6.  This Amendment shall be governed by and construed in accordance
    with the laws of the State of Delaware.

7.  This Amendment may be executed in any number of counterparts and
    each of such counterparts shall for all purposes be deemed to be
    an original, and all such counterparts shall together constitute
    but one and the same instrument. 

8.  Except as expressly set forth herein, this Amendment shall not,
    by implication or otherwsie, alter, modify, amend or in any way
    affect any of the terms, conditions, obligations, covenants or
    agre ments contained in the Rights Agreement, all of which are
    ratified and affirmed in all respects and shall continue in full
    force and effect. 
















    IN WITNESS WHEREOF, the parties hereto have caused this Amendment
to be duly executed and attested, all as of the day and year first
above written. 

Attest:                           IMC GLOBAL INC. 

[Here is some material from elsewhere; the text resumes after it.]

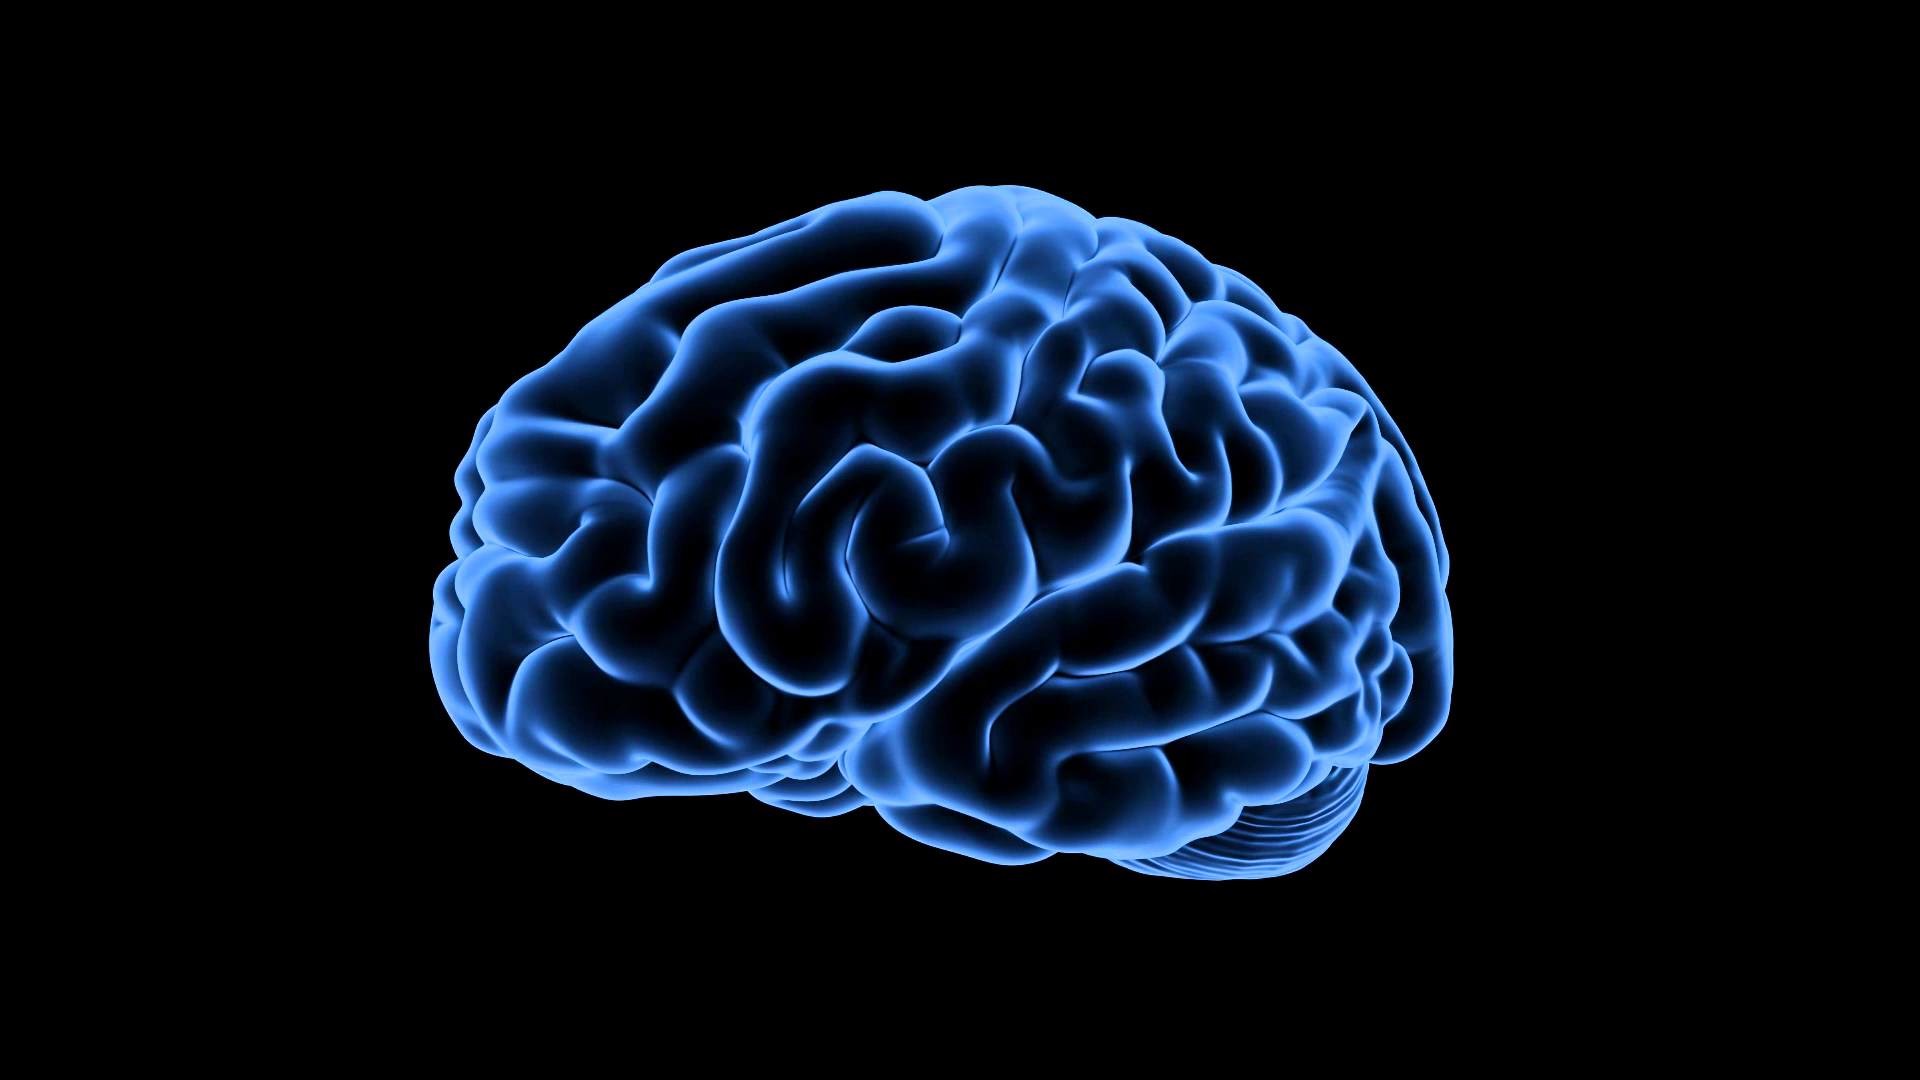 1920x1080 Royalty Free Medical Human Brain HD Footage - Brain ( Blue)360 Degree View  - YouTube

By:  MARSCHALL I. SMITH           By: WENDELL F. BUECHE       
     Marschall I. Smith               Wendell F. Bueche       
     Secretary                        Chairman of the Board 

Attest:                           THE FIRST NATIONAL BANK OF CHICAGO



By:MICHAEL R. PHALEN              By:  R. WIENCEK
   Michael R. Phalen                   R. Wiencek
   Vice President                      Assistant Vice President

































































                                            EXHIBIT 20 


NORTHBROOK, IL., August 17, 1995 -- IMC Global Inc. (NYSE symbol:
IGL) announced that its Board of Directors, at a regularly scheduled
meeting, amended its Stockholder Rights Plan to enhance the ability
of the Rights Plan to protect the Company's stockholders should the
Company become the target of coercive or unfair takeover tactics.
The amendments to the Rights Plan were not taken in response to any
known effort to acquire the Company. 

    The Board, pursuant to the authority vested in it under the
Rights Plan, adopted amendments to reduce the triggering threshold
from 20% to 15%.  As a result, subject to certain exceptions, the
acquisition by a person or group of 15% or more the Company's Common
Stock will entitle the holders of rights to purchase a specified
amount of the Company's Common Stock at 50% of the market value.  In
addition, the amendments will allow the Board of Directors to avoid
the triggering of the Rights Plan in the event that it determines
that a person's acquisition of the triggering percentage of the
Company's Common Stock was inadvertent.

    IMC Global is one of the world's leading producers of crop
nutrients for agriculture.  It mines and processes potash in the
United States and Canada; and is a joint-venture partner in
IMC-Agrico Company, the nation's largest producer, marketer and
distributor of phosphate crop nutrients.  The Company also produces
sulphur and oil through other joint-venture operations.